Emergentism: One perspective, known as emergentism, suggests that mental phenomena such as emotions and consciousness arise from the complex interactions of neurons and other elements within the brain. In this view, brain activity gives rise to emotions, thoughts, and consciousness as an emergent property. Emergent properties are characteristics or phenomena that arise from the interaction of the components in a system, which cannot be predicted solely from knowledge of the individual components.

Reductionism: Another perspective, reductionism, argues that mental phenomena can ultimately be reduced to and fully explained by the underlying brain processes. In this view, emotions, consciousness, and conditioning are essentially byproducts of specific patterns of neural activity.

Dualism: Dualism, on the other hand, posits that the mind and brain are separate entities that interact with each other. According to this view, mental phenomena such as emotions and consciousness may influence brain activity, and vice versa, but they are not reducible to or solely derived from the brain.

Panpsychism: Panpsychism is another perspective that suggests consciousness is a fundamental aspect of reality, and that all matter, including the brain, possesses some form of consciousness or proto-consciousness. In this view, brain activity and consciousness are interrelated, but consciousness is not solely derived from the brain.

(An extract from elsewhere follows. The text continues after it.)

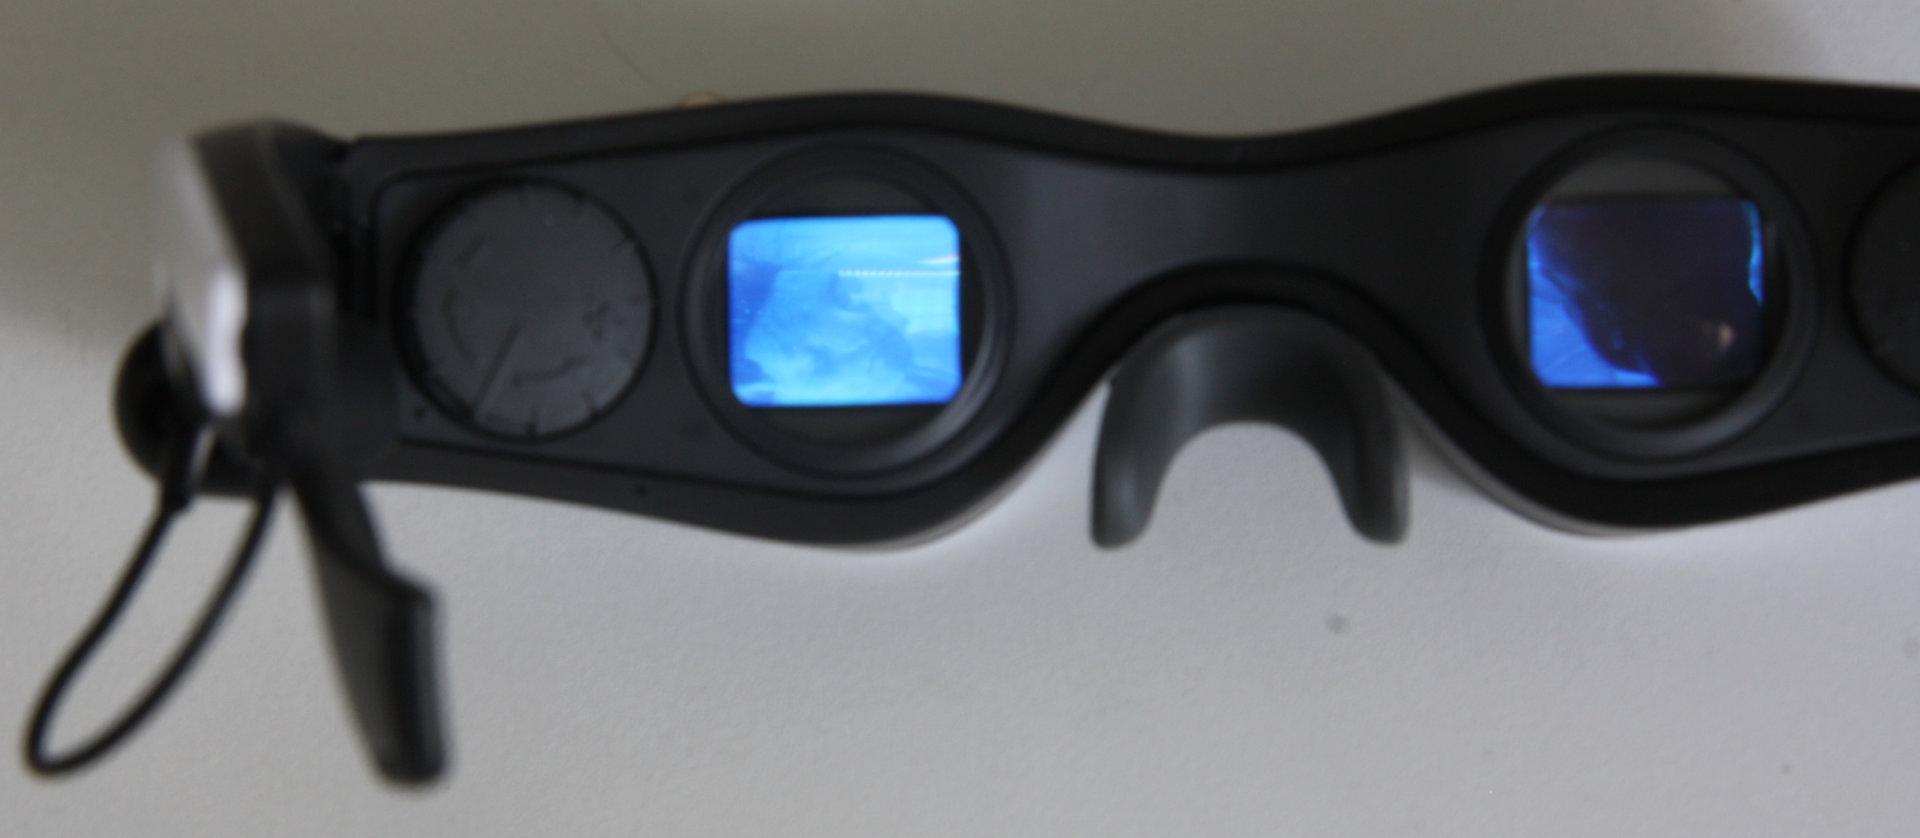 Cinemizer OLED im Betrieb

The extent to which emotions, the contents of consciousness, and conditioning arise from the brain, or whether brain activity arises from them, remains a matter of debate among philosophers, neuroscientists, and cognitive scientists. Each of these perspectives offers valuable insights, and the question is likely to continue to be explored and debated as our understanding of the mind and brain evolves.

Krishnamurti said the brain needs to undergo a radical transformation. If you want to argue about it, this isn’t the place.

Okay I understand.

No. That was my response to Rick Scott’s argument that the brain may not be as important as Krishnamurti said or implied it is.

Why are we pursuing something and running towards it?

Are “we”?

What’s all the point of this? To get a better life and surroundings? Is that LOVE really, or it is the way we believe (or the :brain: believe) LOVE has to be?

Only you can answer this question by posing it to yourself since you don’t really know what “we” are doing.